A 19-year-old Traveller man from Colombes, voting for the first time, said he intended to vote for Le Pen, as the independent candidate Macron, “wants to repeal the RSA (revenue de solidarité active)”. The young unemployed man, beneficiary of this type of aid, was ready to vote for the far-right candidate because he had not followed the candidates’ campaign and did not have enough information about the strategies proposed by each candidate.
The lack of disaggregated data collection does not allow us to know how many Travellers voted in the presidential elections on 7 May and if they follow the same logic as this young man. Another issue that has risen is the lack of knowledge about the French administrative system and Travellers’ rights, in particular. Johana, a Roma woman living on a halting site in Montreuil said she was able to get her voter registration card and could vote because she knew about the impact of the Constitutional council’s decision about the Travellers’ vote and she was informed about the documents required for making a formal request for her card. Johana said she had got this information by employees in the city hall of Montreuil and she was able to provide the requested documents.

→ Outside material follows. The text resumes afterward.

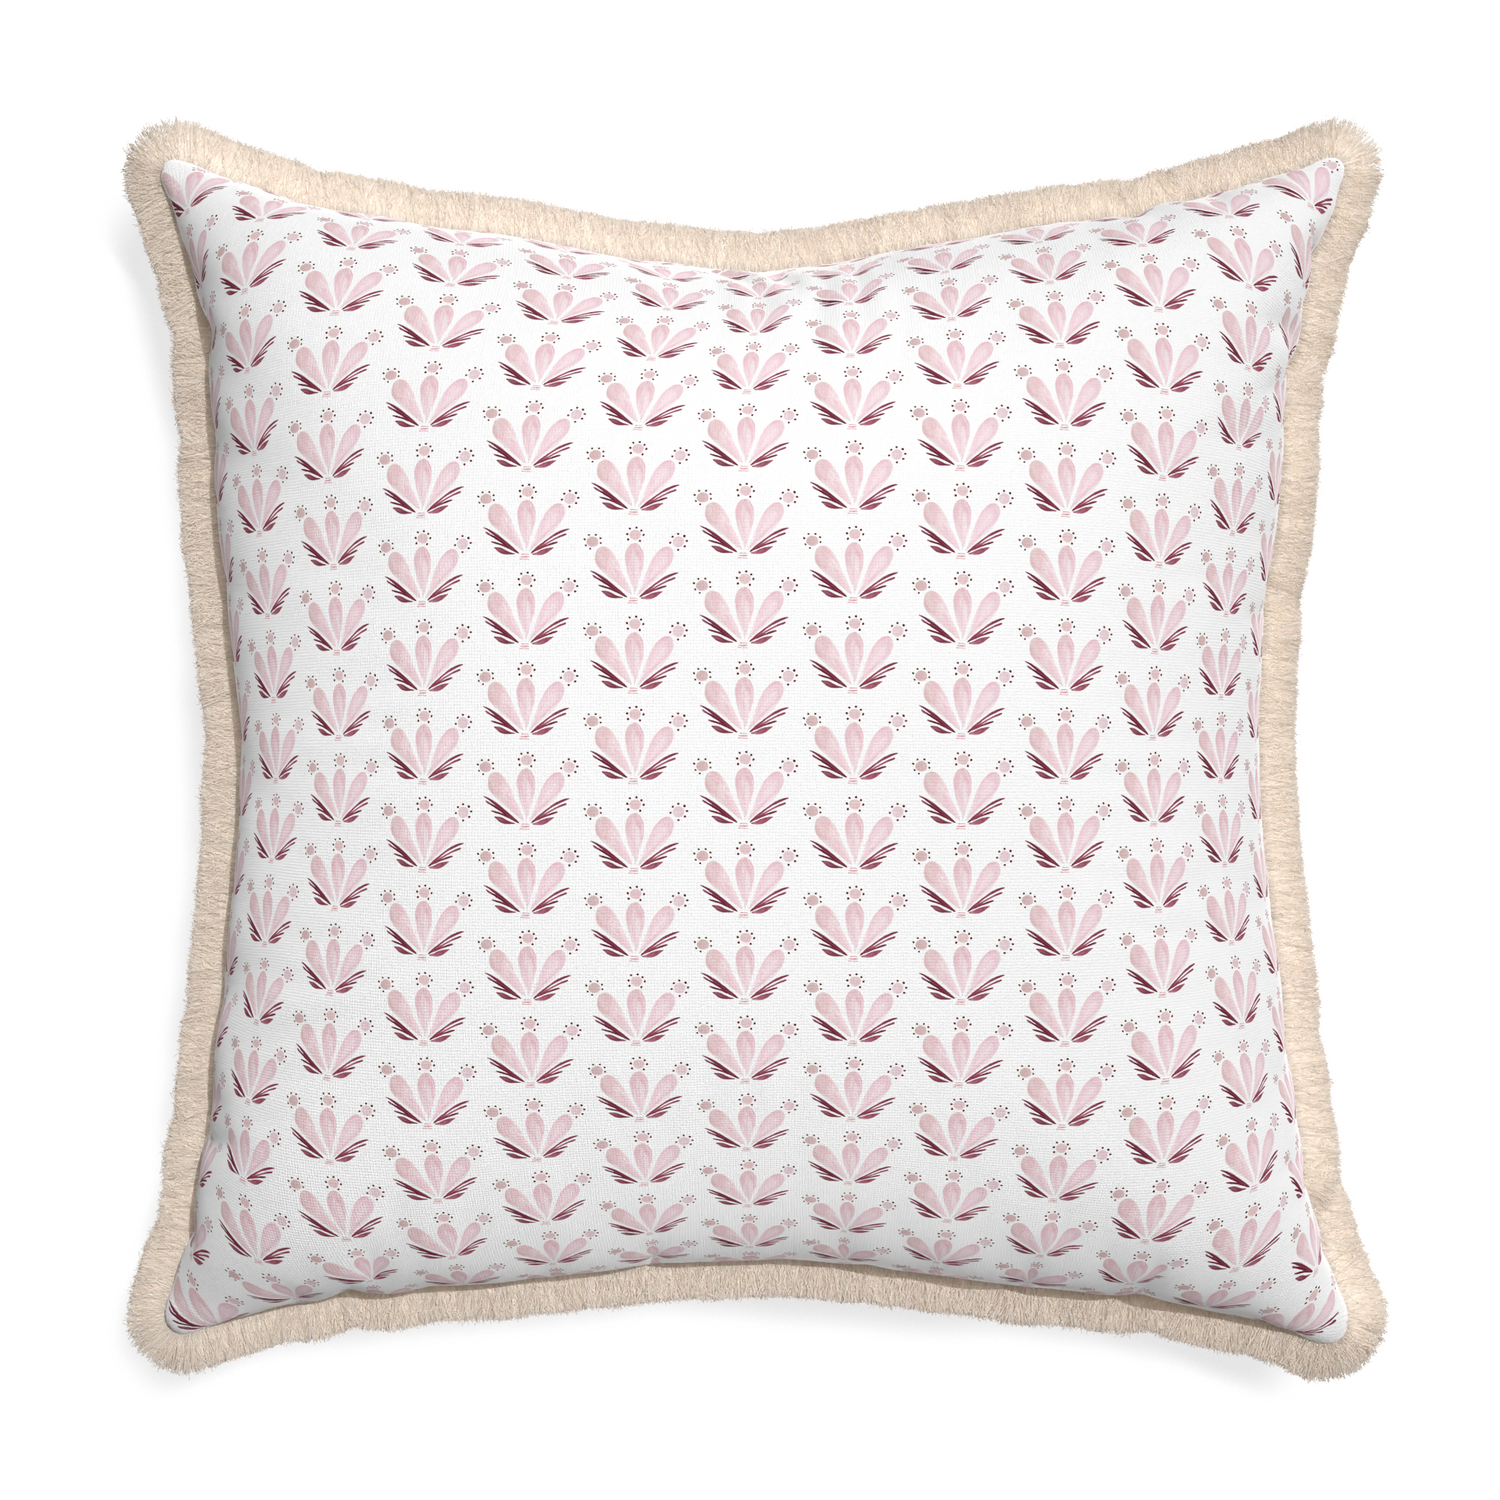 Euro-sham serena pink custom pink & burgundy drop repeat floralpillow with cream fringe on white background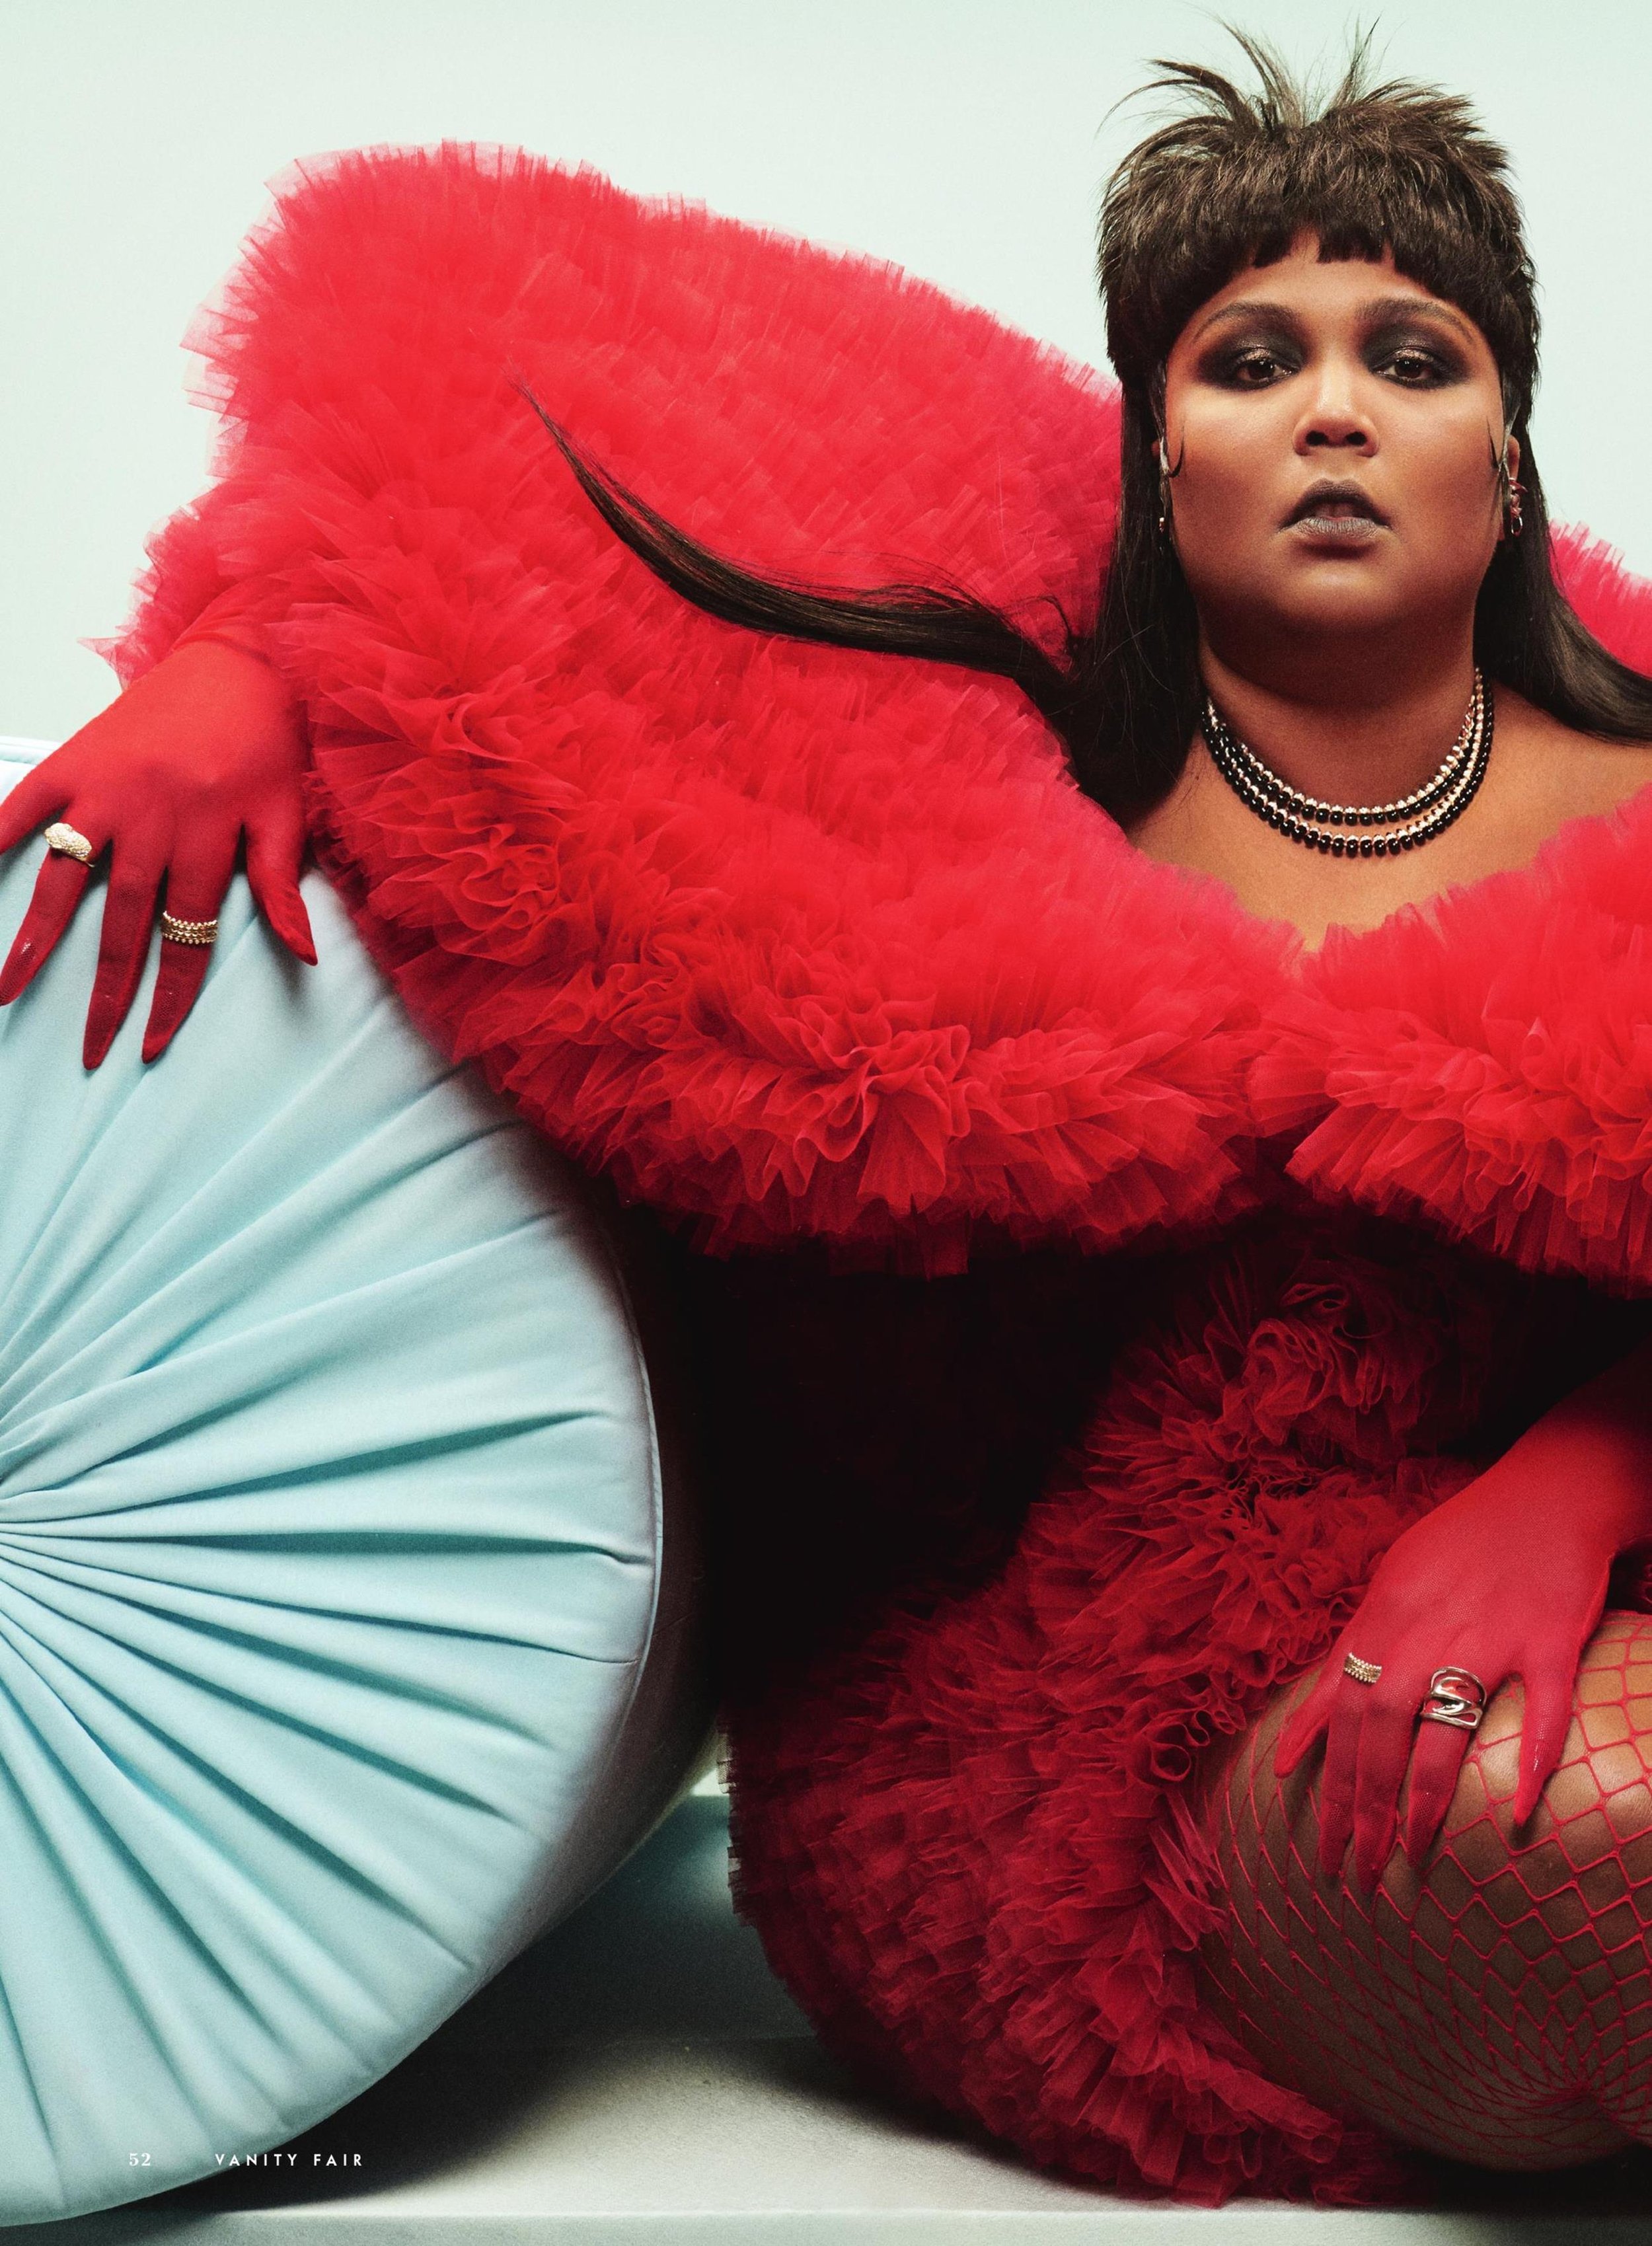 Lizzo-by-Campbell-Addy-for-Vanity Fair-US-00003.jpeg

She decided to keep secret her preferred candidate in the second round, but said she had voted according to the candidate’s program which seems to be more beneficial for the Travellers. This 37-year-old woman stated that only a few inhabitants of her halting area were able to get their voter registration cards because some of them did not know that they needed to make a formal request for them. This confusion was observed also in Colombes, where another Traveller woman said she couldn’t vote because “she did not have a voter registration card” and she did not know how to get it.
Being isolated for years from other citizens, Roma nationals still cannot find their place in mainstream society in France and become an integral part of French political life. Lack of knowledge about the political parties and candidates in the presidential elections is still observed in 2017. Living in halting areas isolated from other citizens, often far from French neighbourhoods, Travellers have limited social contacts with other populations.
In the beginning of 2017 a new legislation was adopted abrogating the law of 6 July 1969. As a consequence the law n° 2017-86 relative on equality and citizenship makes significant changes in the administrative situation of Travellers. This law repeals the “Travellers booklet” and gives them more freedom by removing the discriminatory obligation to present themselves at a Police office at least once per year. According Stéfano Réga, legal officer working for Travellers’ grassroots organisation ASAV this law is a step forward for Travellers to access their rights as any other French citizens.
However, this new legislation does not bring any significant changes to facilitate the inclusion of Travellers in the French society, nor does it challenge the stereotypical perception of Roma communities, still kept on the bottom of the social ladder.